Image File Execution Options (IFEO) Debugger: The loader writes `%SystemRoot%\Fonts\ApphostRagistreationVerifier.exe` as the debugger for `vds.exe` under HKLM\SOFTWARE\Microsoft\Windows NT\CurrentVersion\Image File Execution Options\vds.exe\debugger. When `vds.exe` is launched (which occurs automatically on system start), Windows executes the debugger application instead.
Self‑Cleaning: The loader executes `affair-build.bat` to delete deployment artifacts and restart the `vds` service, ensuring the backdoor runs from %SystemRoot%\Fonts.

WIN_PLUS Persistence

Print Processor: The first‑stage loader registers itself as a print processor under HKLM\SYSTEM\ControlSet001\Control\Print\Environments\Windows x64\Print Processors\VSPMsg, with the `Driver` value set to VSPMsg.dll.
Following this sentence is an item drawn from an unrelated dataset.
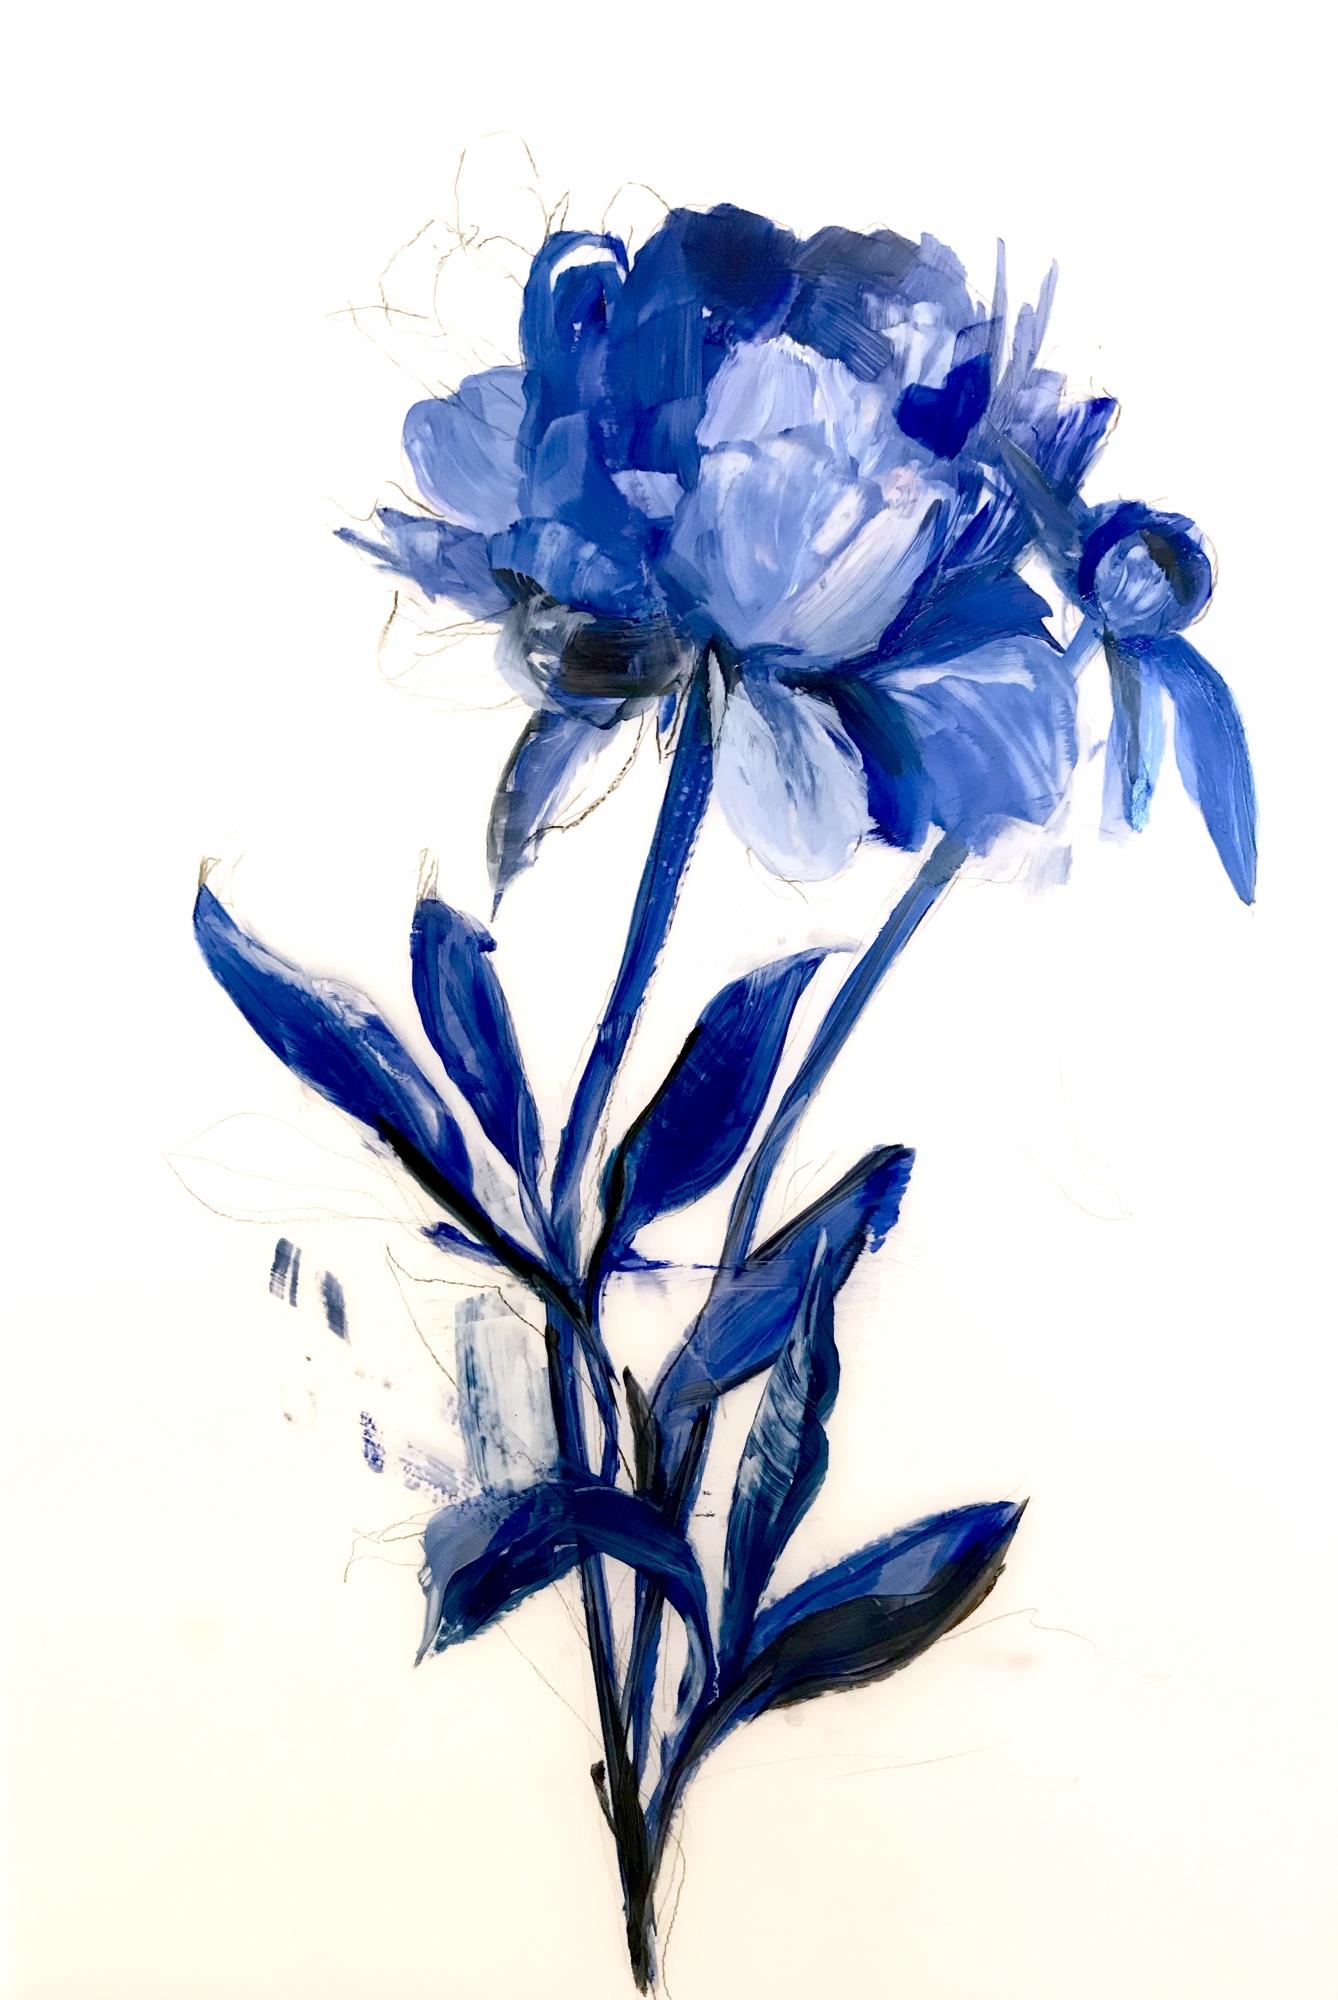 Deep Blue Peony 2 by Madeleine Lamont

The print spooler service (spoolsv.exe) loads this DLL automatically.
Self‑Cleaning: Similar to WIN_DRV, it drops `affair-build.bat` to remove deployment files and restart the print spooler.

Virtual Environment and Sandbox Evasion

The SprySOCKS loader checks for the presence of specific libraries associated with sandbox environments (snxhk.dll, SxWrapper.dll, SxIn.dll, SXIn64.dll, and SbieDll.dll) and exits if any are found. The WIN_PLUS first‑stage loader also verifies that it is being executed by `spoolsv.exe` before proceeding, thwarting automated analysis that does not simulate the print spooler context.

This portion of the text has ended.